(Data excerpts)
==========
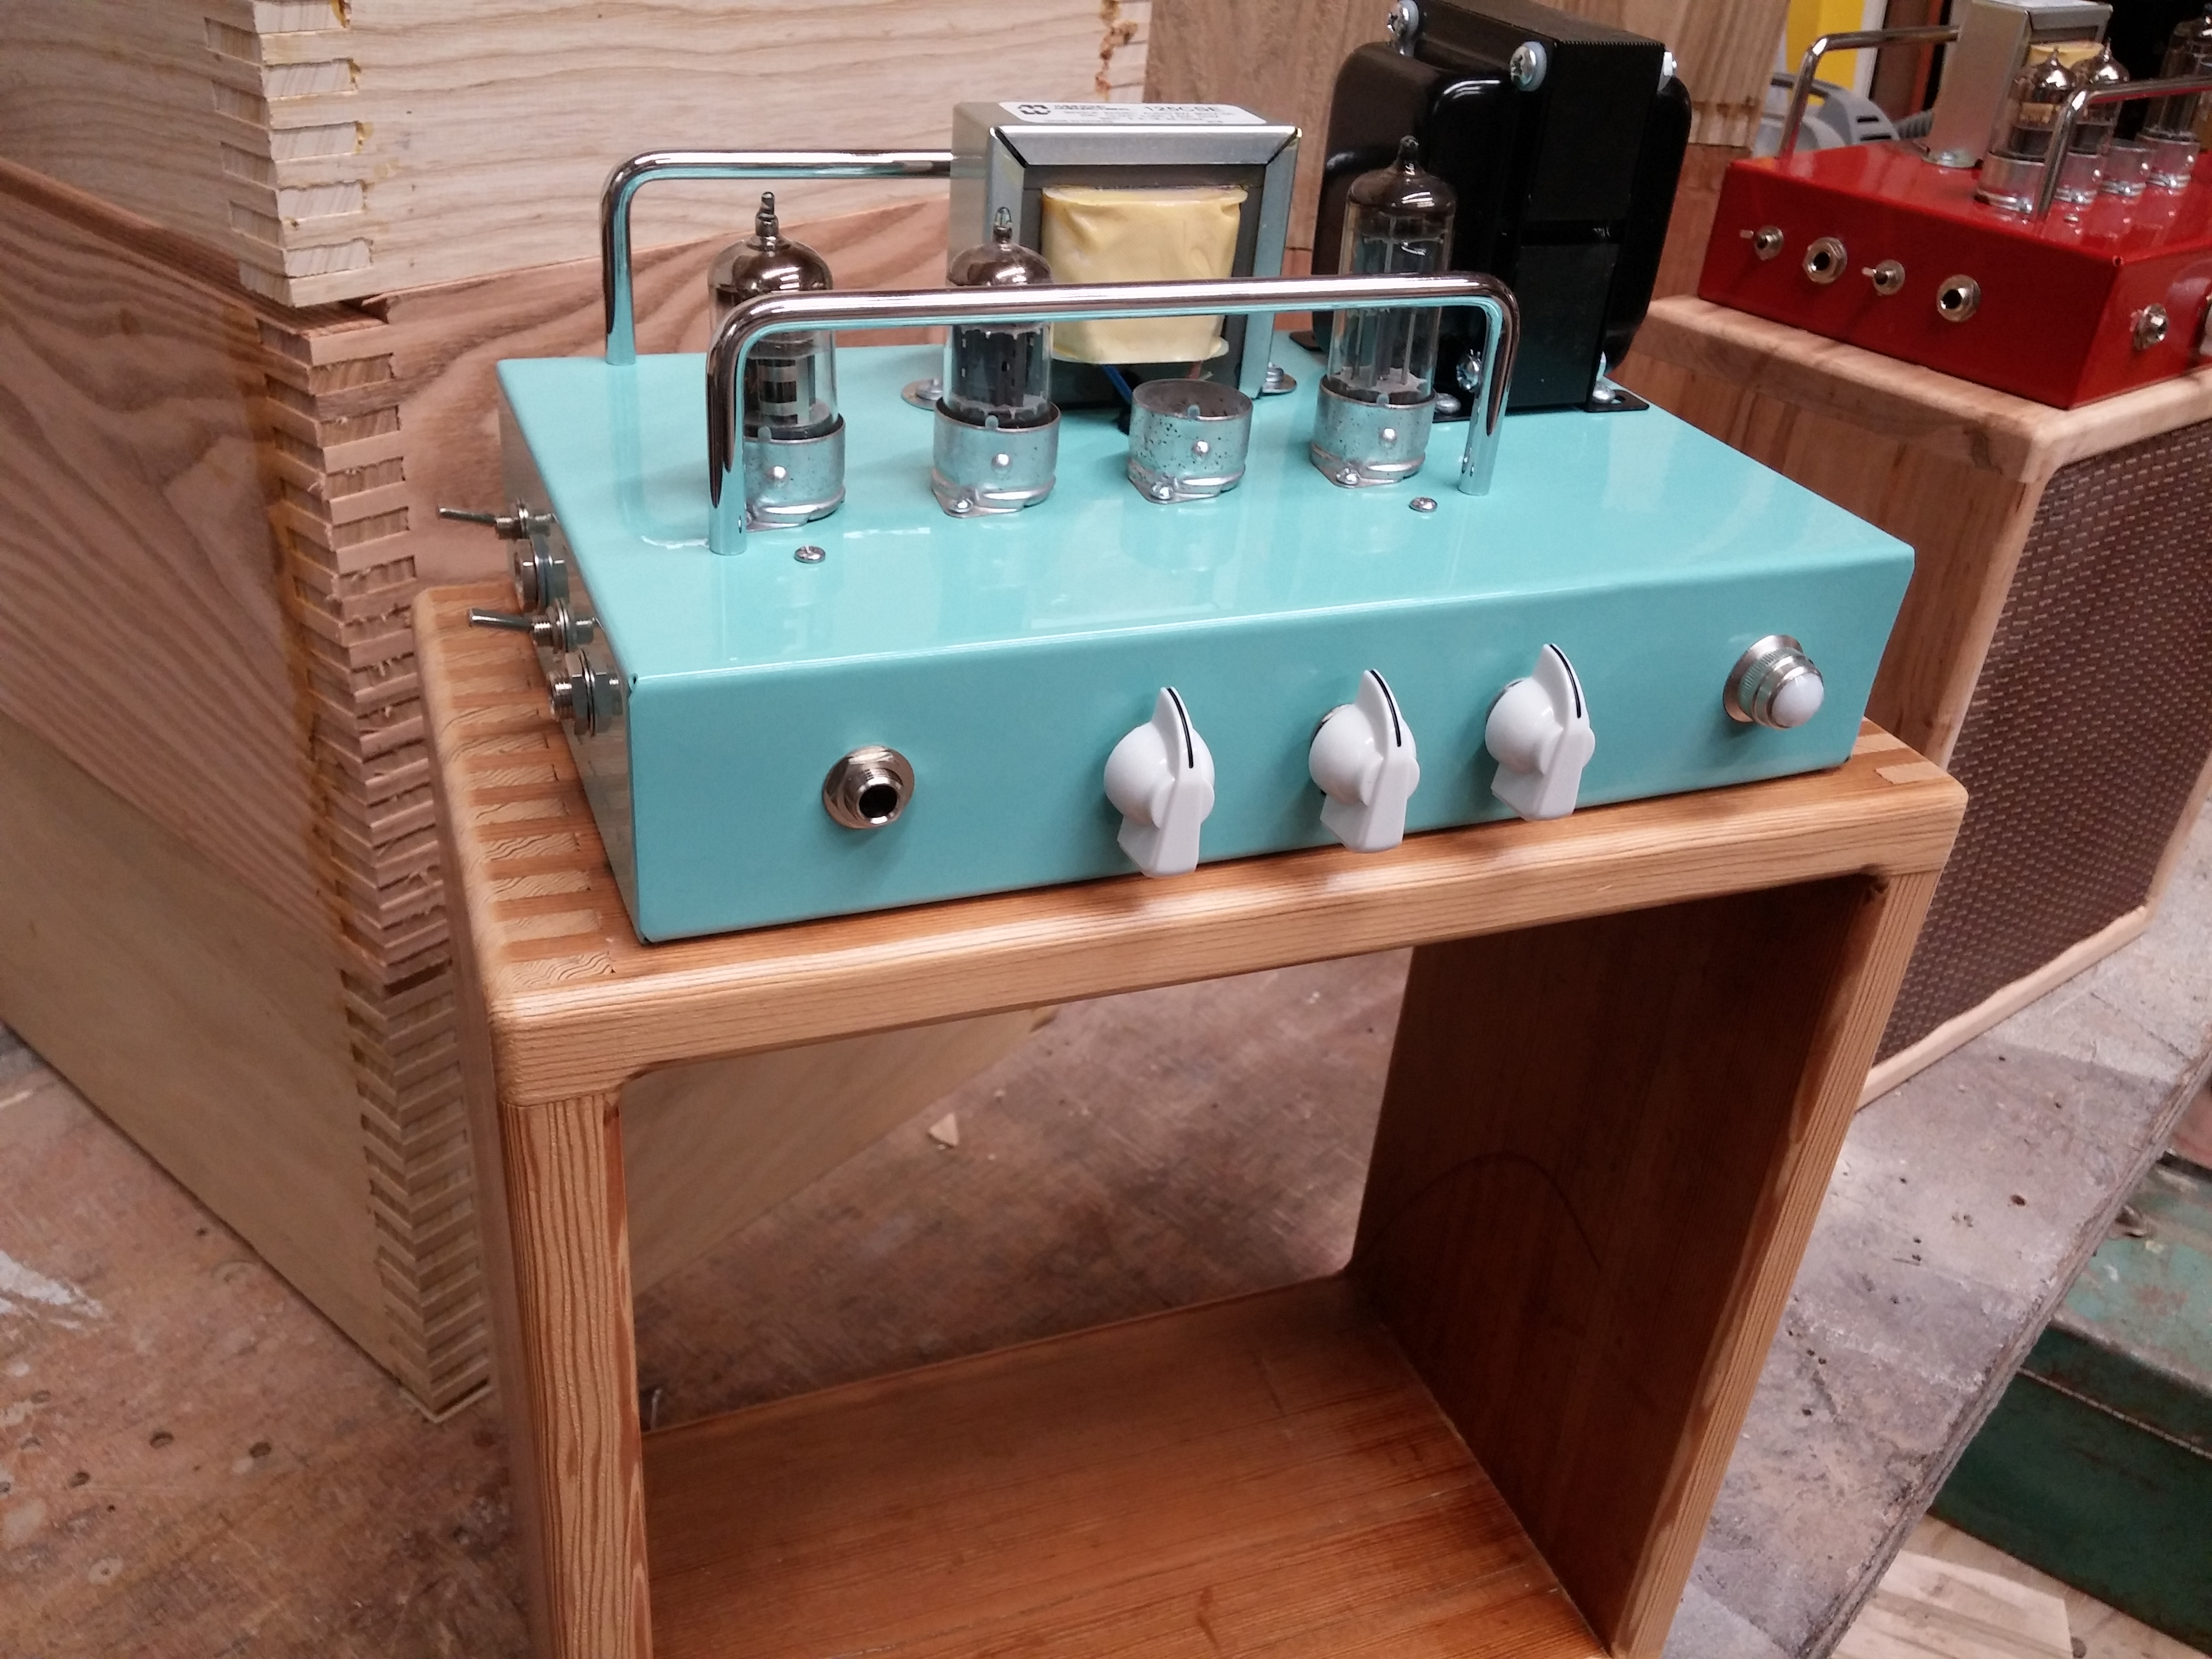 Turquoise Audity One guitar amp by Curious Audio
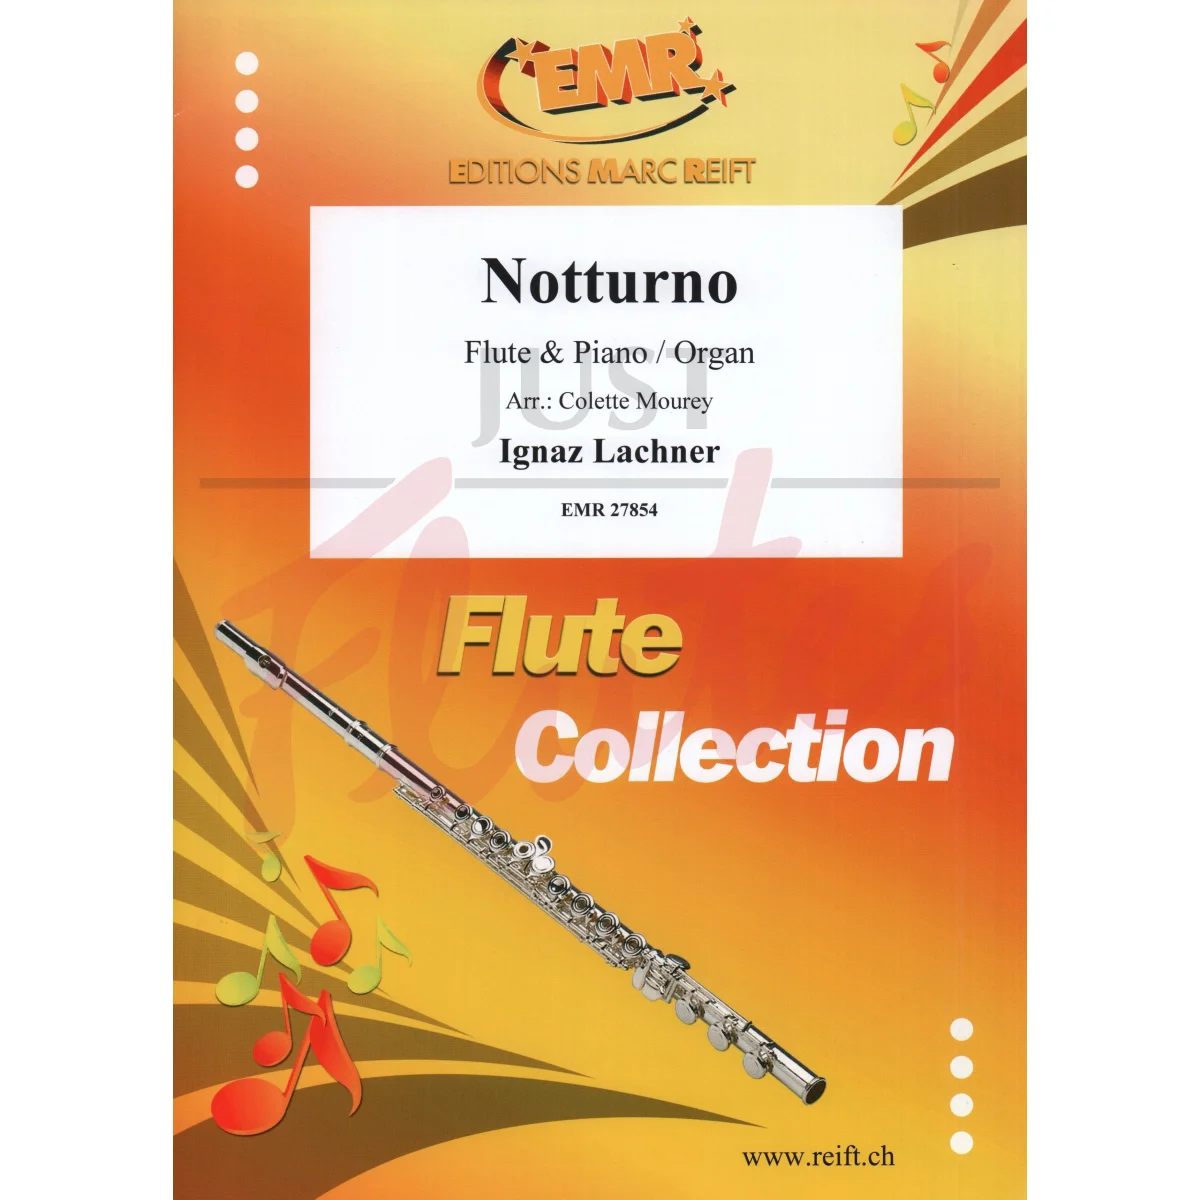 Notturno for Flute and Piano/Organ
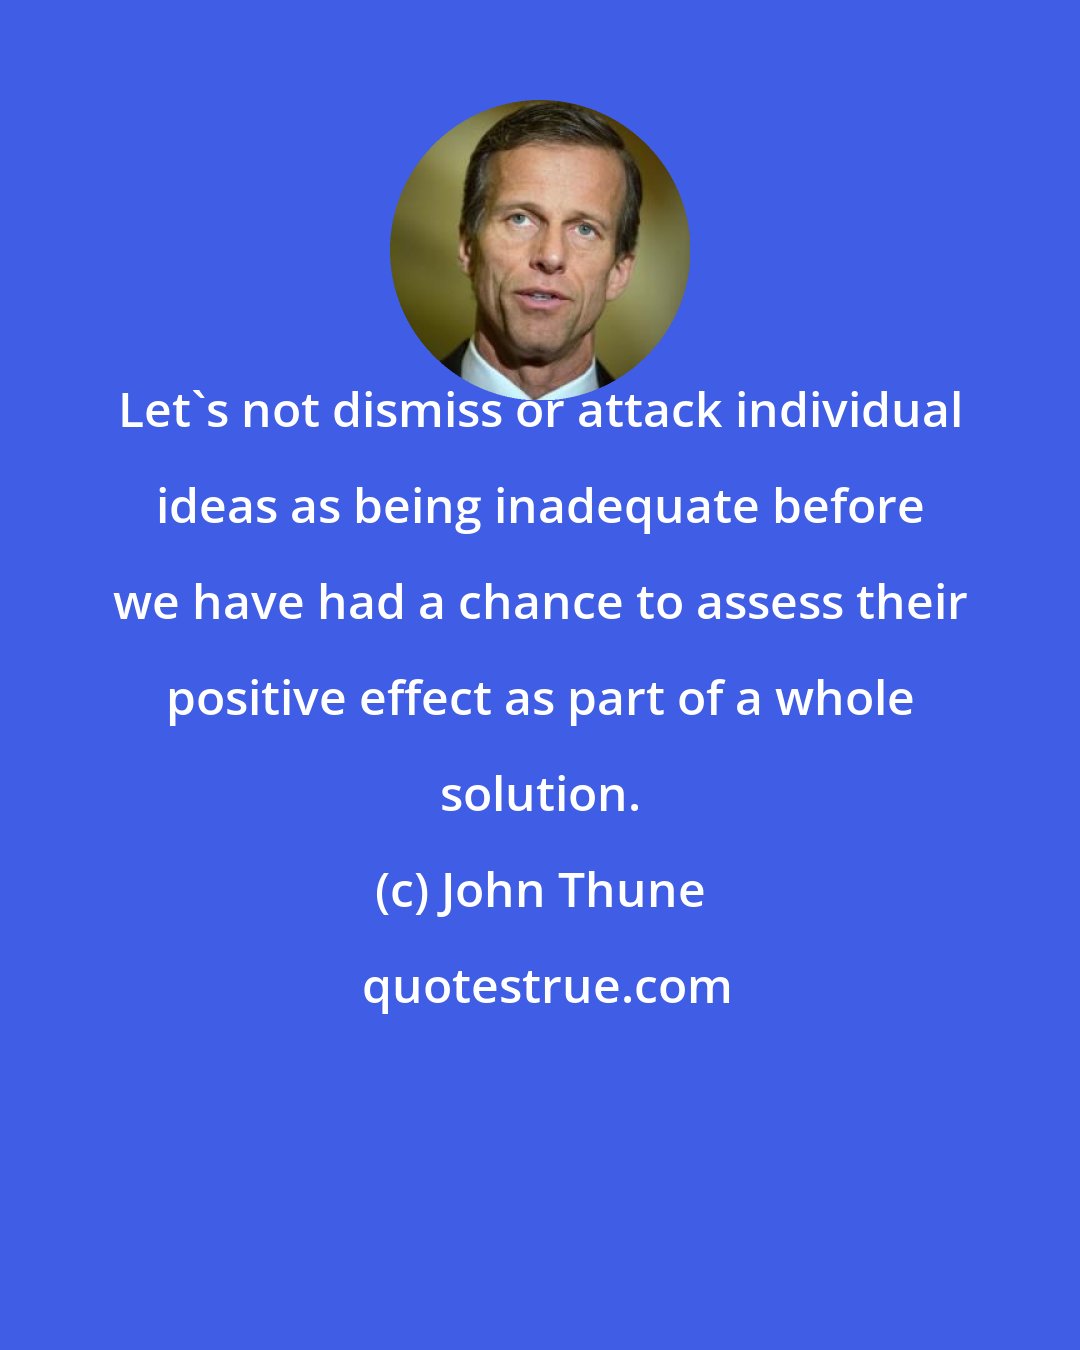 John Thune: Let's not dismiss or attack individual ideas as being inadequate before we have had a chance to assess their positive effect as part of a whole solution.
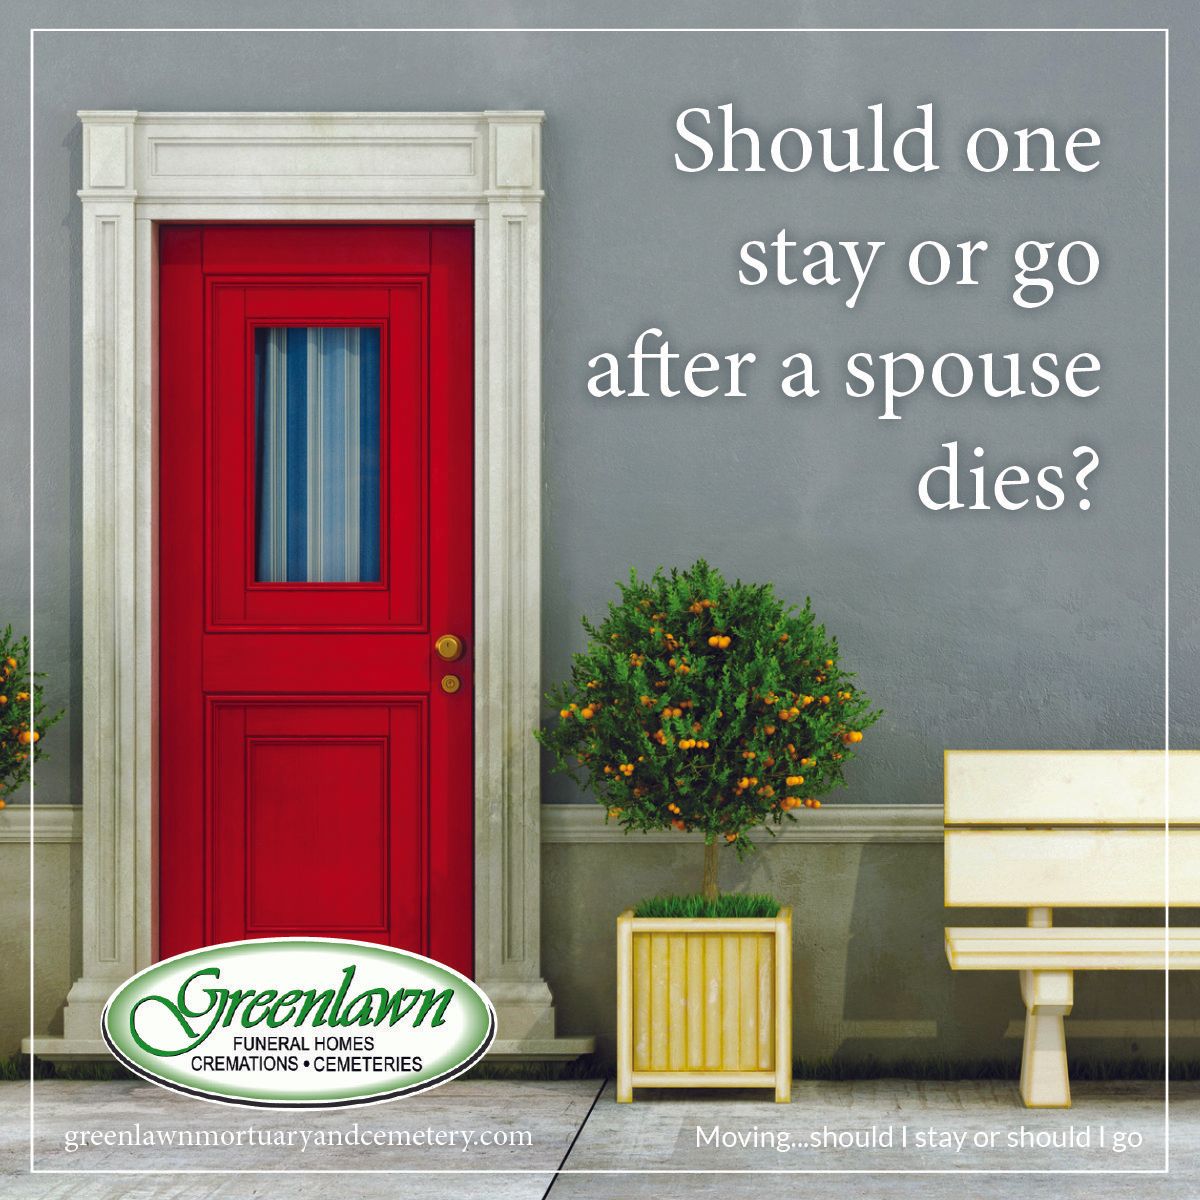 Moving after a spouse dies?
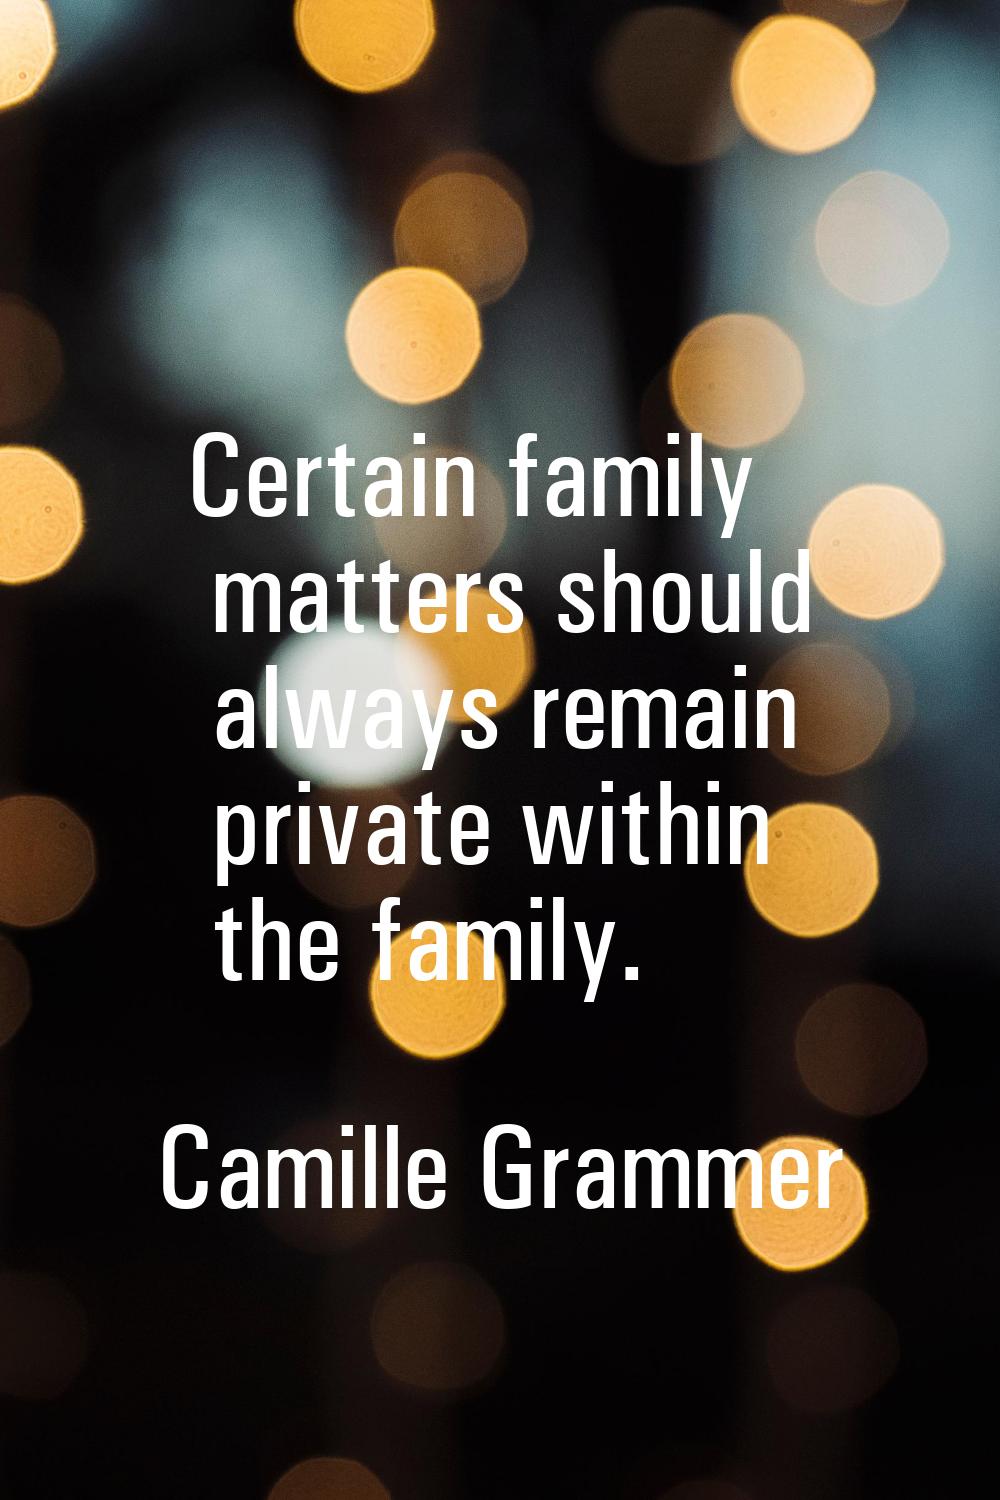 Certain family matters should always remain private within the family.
==========
Reproduce every entry exactly, but omit each picture.

 Turquoise Audity One guitar amp by Curious Audio
 Notturno for Flute and Piano/Organ
 John Thune: Let's not dismiss or attack individual ideas as being inadequate before we have had a chance to assess their positive effect as part of a whole solution.
 Moving after a spouse dies?
 Certain family matters should always remain private within the family.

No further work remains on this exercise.